「また値引きを要求されて、断れなかった」「求人を出したのに応募がゼロだった」「あの集客法が流行ってるって聞いて、すぐ試してみたけど空振りだった」——こういう経験、正直に言うと、一度や二度では済まないですよね。
流されやすい経営者というのは、決して意志が弱いわけじゃないんです。むしろ真面目で、お客さんのために何とかしたいという気持ちが強いからこそ、値引きにも応じてしまうし、人手不足に焦って採用を急いでしまう。情報感度が高いからこそ、新しい手法にも飛びつきやすくなる。
ただ、その「流されやすさ」には一定のパターンがあります。そのパターンに気づかないまま経営を続けると、採用でも販促でも、いつまでも「その場しのぎ」を繰り返すことになります。
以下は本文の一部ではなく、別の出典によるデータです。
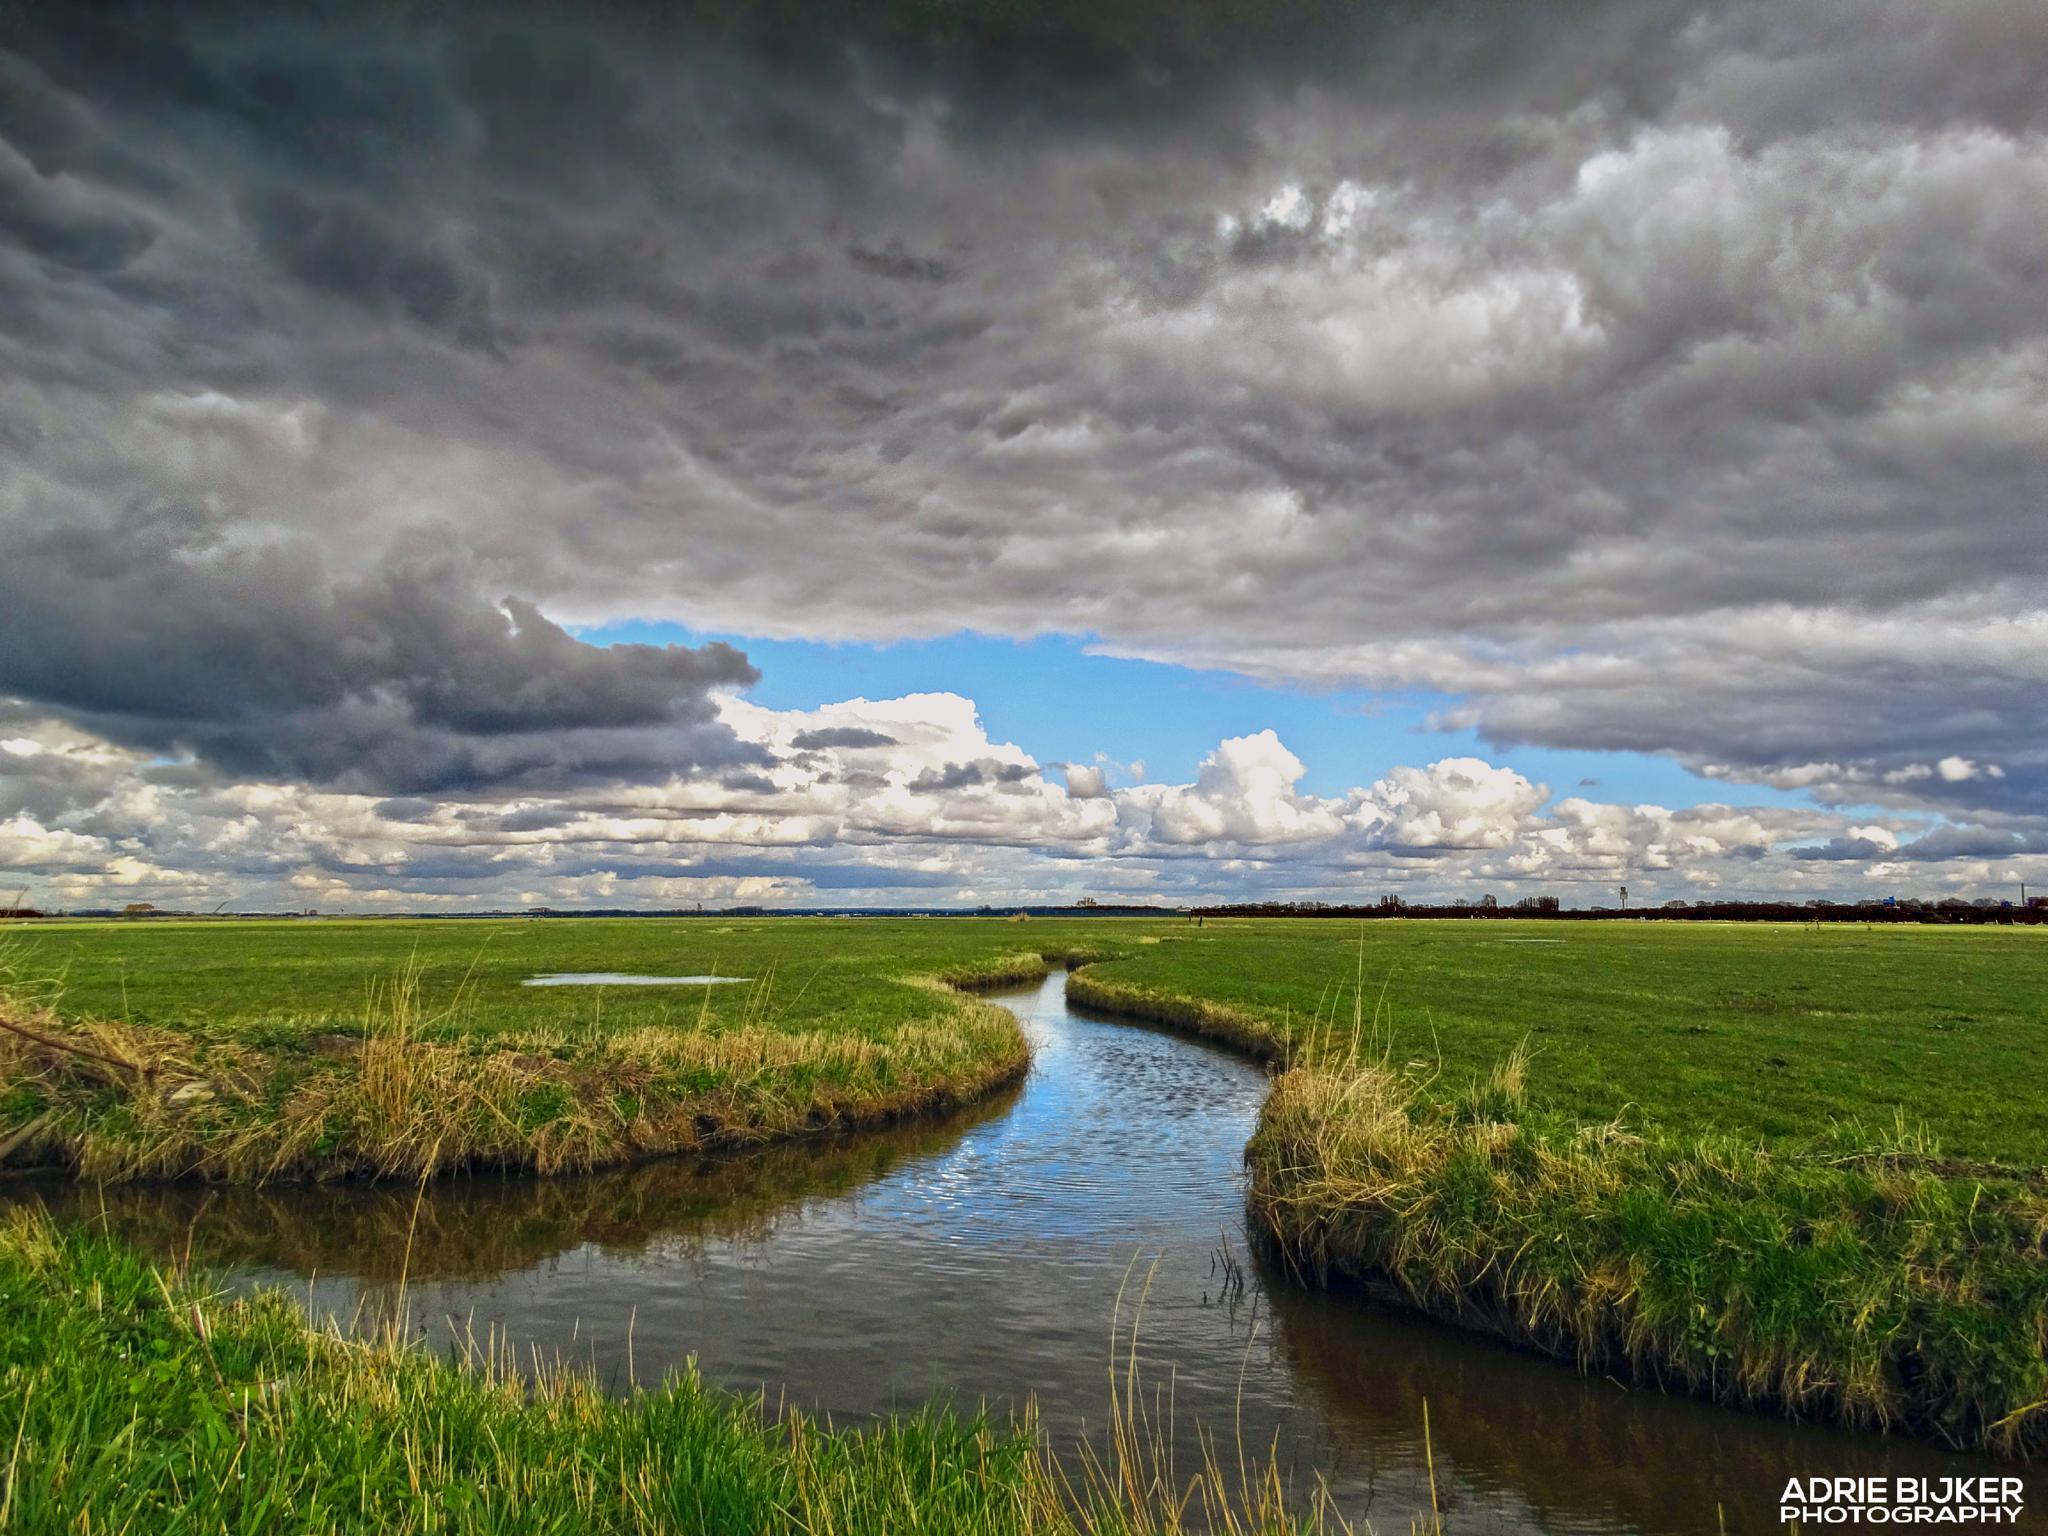 Arkemheenpolder -Nijkerk by Adrie Bijker

今回の記事では、特に「採用で困らない店になる」という視点から、流されやすい経営のパターンを診断しながら、自己軸をどう作るかを一緒に考えていきます。
📋 この記事でわかること
- 値引き・人材・流行追随という3つの「流されやすいパターン」の正体
- 採用で困らない店をつくるために、本当に整えるべきこと
- 「働きたいと思われる店」と「そうでない店」の根本的な違い
- 自己軸を持った経営判断をするための診断チェックポイント
こんな方におすすめ
- ✅ 求人を出しても応募が来ない、または来ても早期離職が続いている方
- ✅ お客さんの値引き要求や流行りの手法に「なんとなく」流されている自覚がある方
- ✅ 採用を改善したいが、何から手をつければいいか分からない飲食店・美容室オーナー
- ✅ 経営の判断軸を自分の中にしっかり持ちたいと感じている方
- ✅ 「うちで働きたい」と言われる店づくりに本気で取り組みたい方

流されやすい経営者が繰り返す3つのパターン
まず、「流されている」状態を正確に把握するところから始めましょう。よくあるのは次の3つです。
チェックポイント①:値引き対応で判断している
「他の店はもっと安い」と言われると断れず、値引きに応じてしまう。あるいはクーポンや割引を常態化させていて、気づけばそれなしでは新規が来なくなっている。この状態になると、利益が削られるだけでなく、「安さで集まったお客さん」が中心になり、店の雰囲気や客層まで変わっていきます。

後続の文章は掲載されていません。